I've also never heard of NICUs starving babies in this day and age. Any baby that is unable to eat, whether due to medical problems or prematurity is fed with intravenous fluids. Even babies with fatal conditions are kept hydrated, and usually die from their condition LONG before starvation could take them... It's usually an all-or-nothing issue. Either the baby receives comfort care and dies shortly, or is given our full complement of care. Hopefully the decision is made ahead of time.

Specializes in NICU.

I think one of the hardest things is seeing parents put their babies through every misery (I wanted to use a stronger word, but am respectful of TOS ;)) just to keep them alive a little longer. We've got a few in our unit right now where I think parents have lost sight of what's important.

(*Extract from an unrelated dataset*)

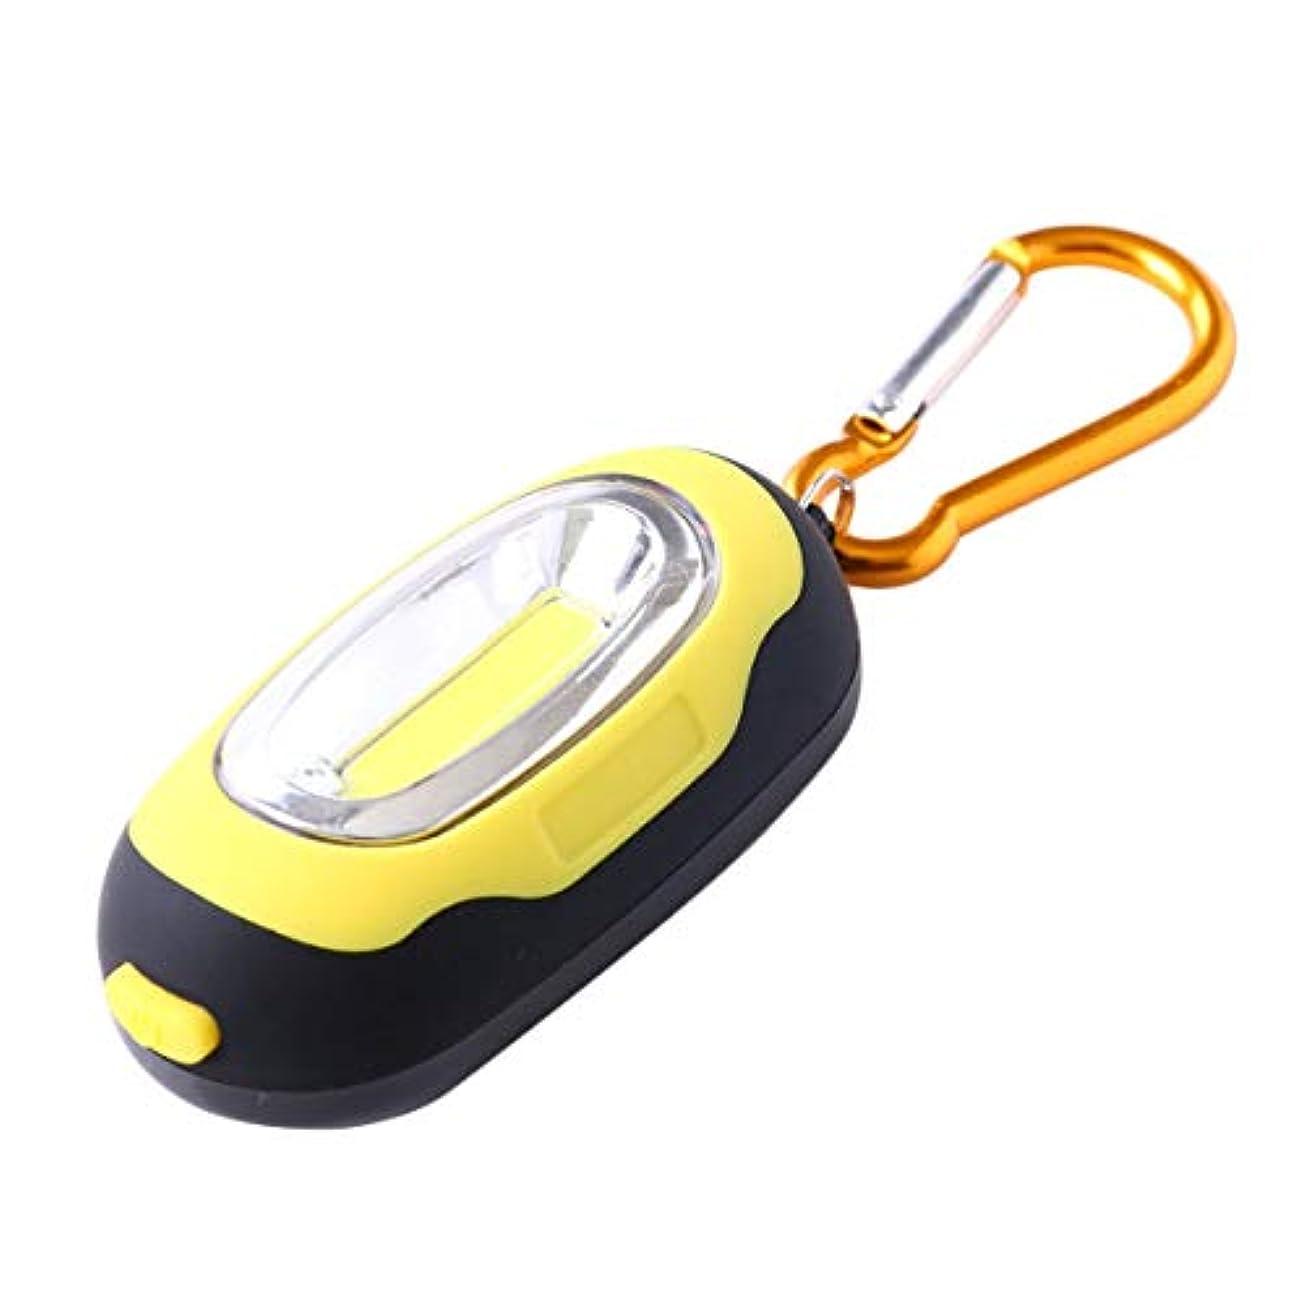 疑問を超えて事件、出来事思い出すポータブルミニ懐中電灯キーホルダーLED懐中電灯屋外キャンプハイキングライト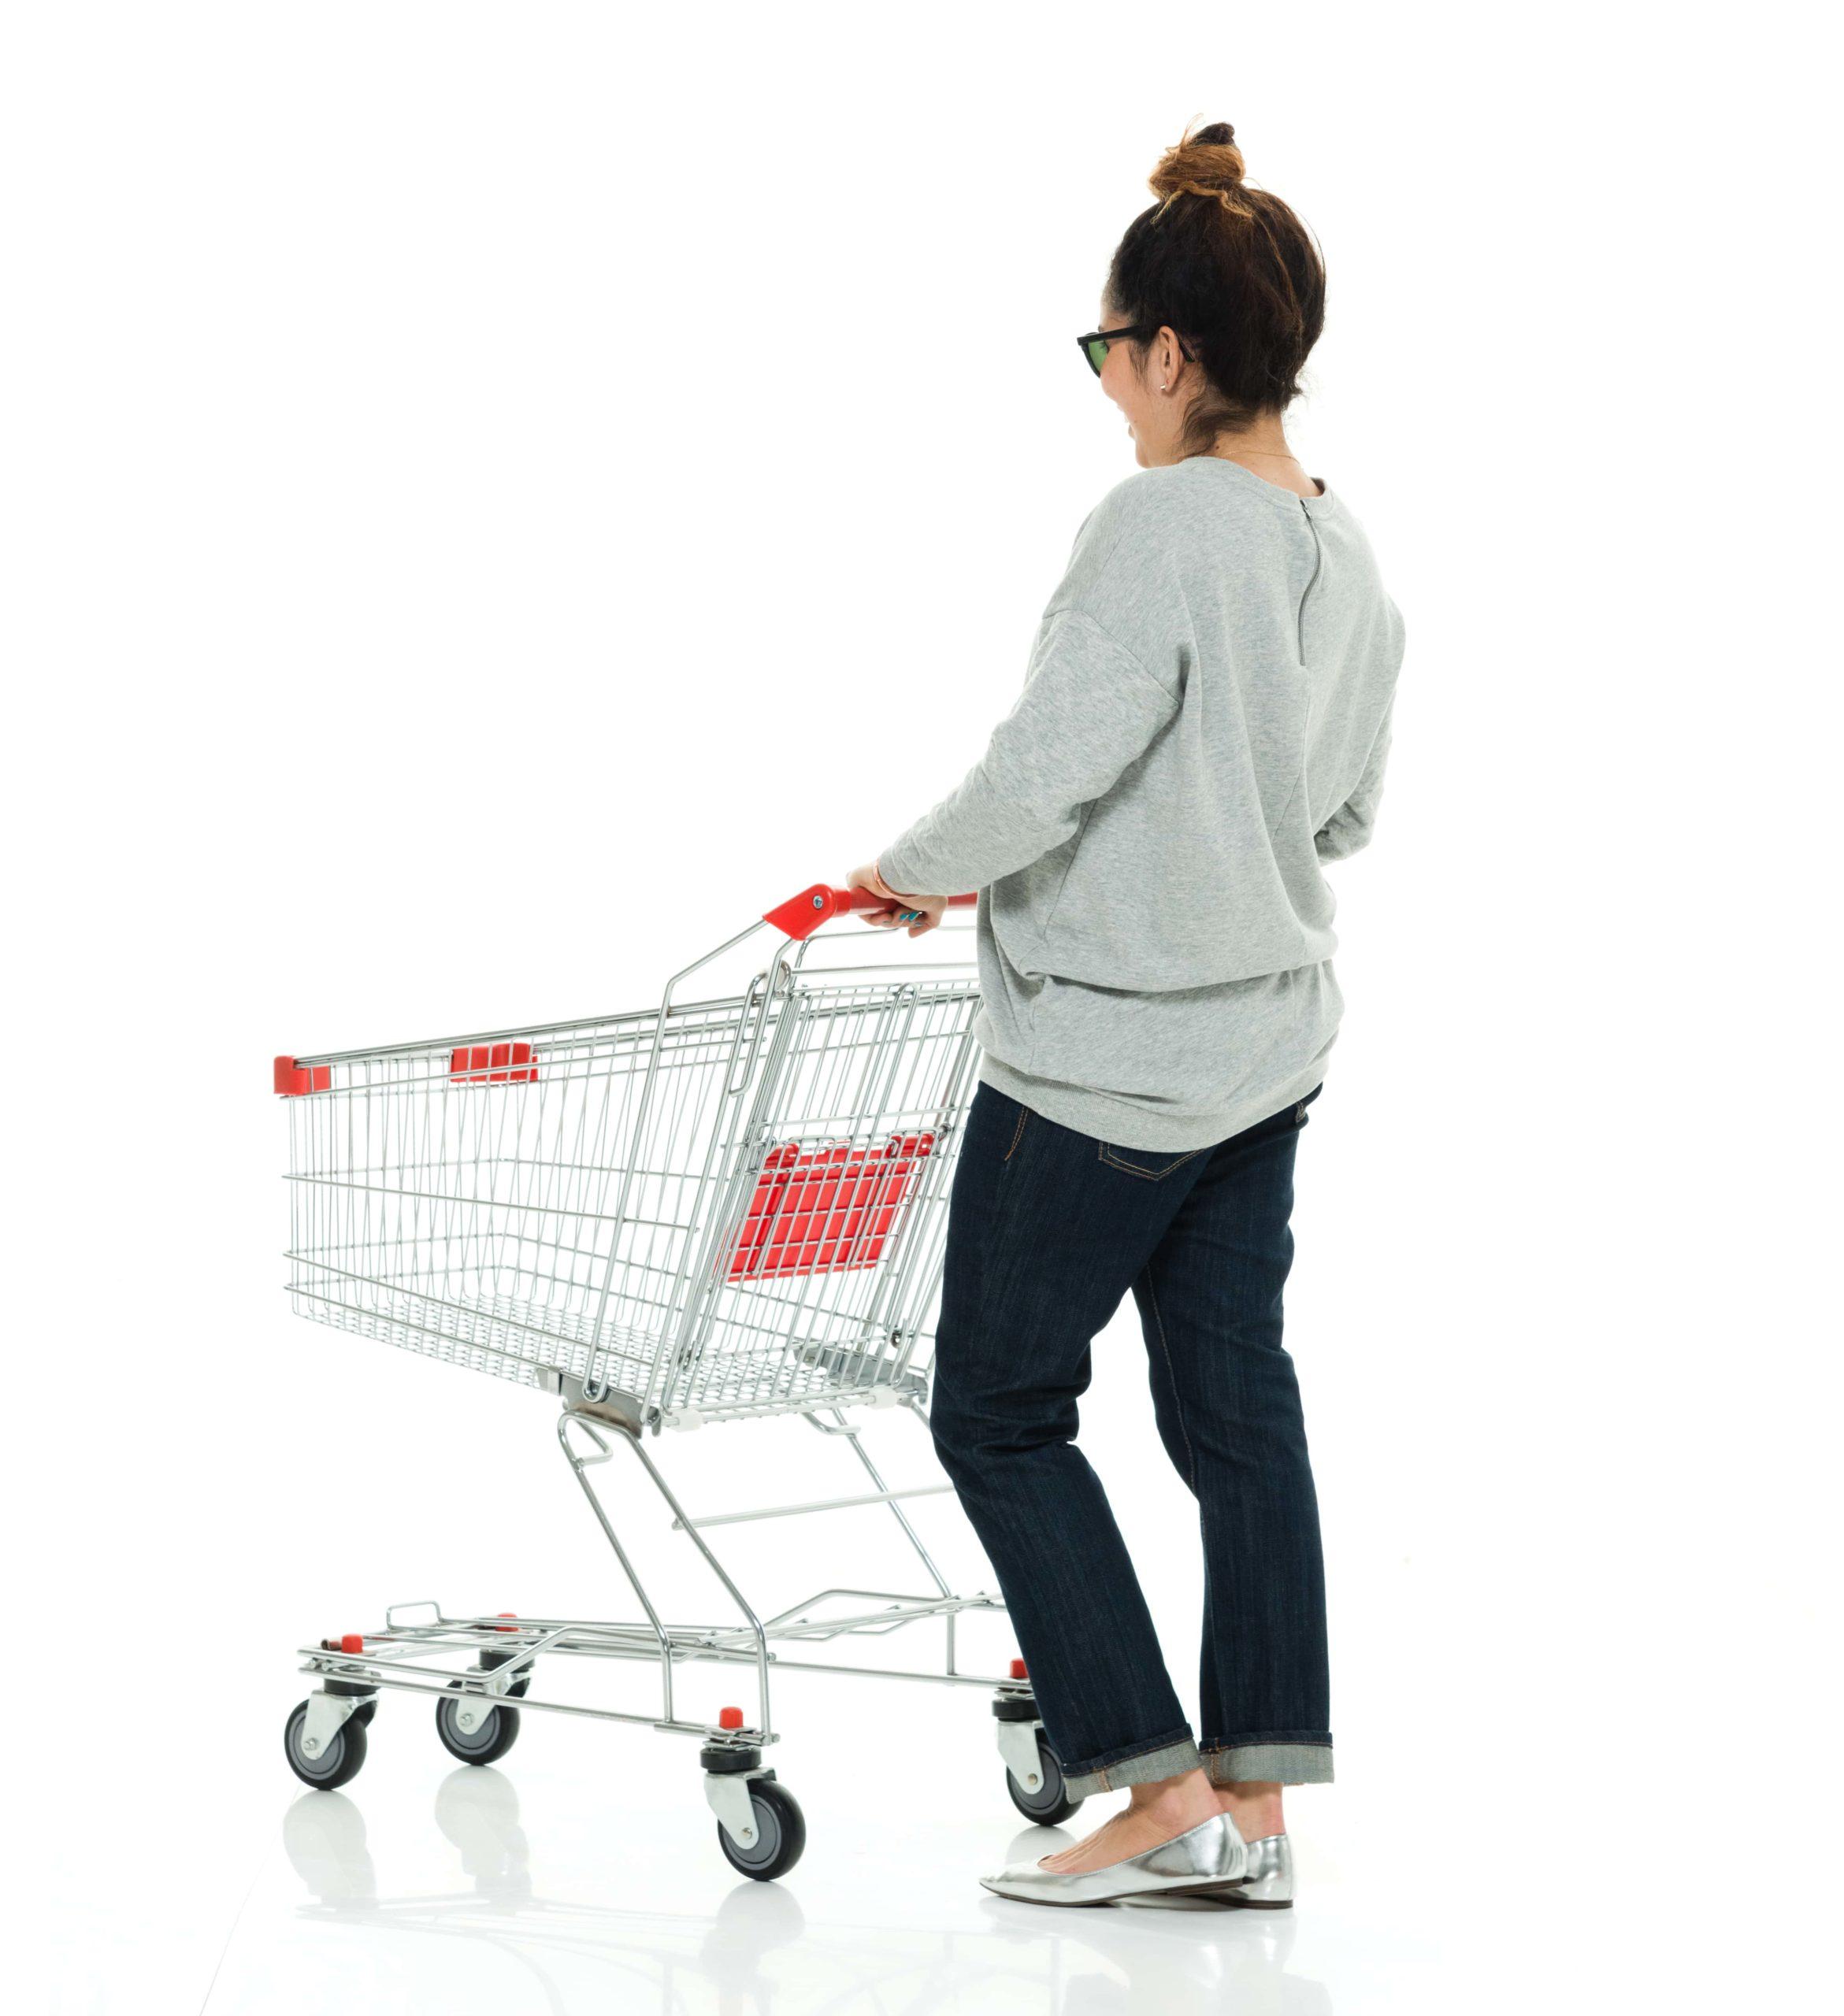 Les achats des ménages français de nouveau marqués par la crise sanitaire en 2020-21

A lot of what we do hurts and if the baby is going to go home in some kind of decent shape, then it's certainly worth it. But, sometimes a good death is not a bad choice to make. Family can be there and the baby can leave this earth in loving arms instead of during surgery or in the middle of an ugly code.

It was a bad night last night, I hope I'm not coming off too harsh.

I HAVE ONLY SEEN ONE KID NOT FED OR HYDRATED. THE LITTLE GIRL HAD NO KIDNEYS AND ANY FLUID OR NUTRITION WOULD HAVE MADE HER SWELL LIKE A BALLOON AND IT WOULD BE A RACE BETWEEN THE FLUID OVERLOAD AND THE BUILD UP OF TOXINS IN HER SYSTEM THAT WOULD KILL HER. WE DID MANAGE HER PAIN AND SHE LIVED AT THE HOSPITAL FOR THREE DAYS. WE FINALLY SENT HER HOME ON HOSPICE. IT WASN'T UNTIL SHE GOT HOME WITH HER PARENTS THAT SHE PASSED QUITELY AND PAIN FREE.

:saint:

Thank you guys so much for telling me your experiences and stories.

I'm definitely going to be shadowing at my local hospital's NICU when I go home this summer so I can see a bit first hand. Overall, it sounds like an amazing field, but a difficult one as well. A lot like many fields of nursing.

Its a hard choice...the hours of nursing are not too bad; long shifts but not everyday. And the pay is good, and the work is without a doubt important. But dealing with life and death so often, especially the death of chlidren, is a pretty brutal thing. Not work to be taken lightly or engaged in without being fully committed.

In other words, I still need to think about things. But I really do appreciate your input.

Specializes in Level III NICU.
Thank you guys so much for telling me your experiences and stories.

I'm definitely going to be shadowing at my local hospital's NICU when I go home this summer so I can see a bit first hand. Overall, it sounds like an amazing field, but a difficult one as well. A lot like many fields of nursing.

Its a hard choice...the hours of nursing are not too bad; long shifts but not everyday. And the pay is good, and the work is without a doubt important. But dealing with life and death so often, especially the death of chlidren, is a pretty brutal thing. Not work to be taken lightly or engaged in without being fully committed.

In other words, I still need to think about things. But I really do appreciate your input.

Shadowing in a NICU is a great thing, and will give you a better idea if NICU nursing is for you. Good luck!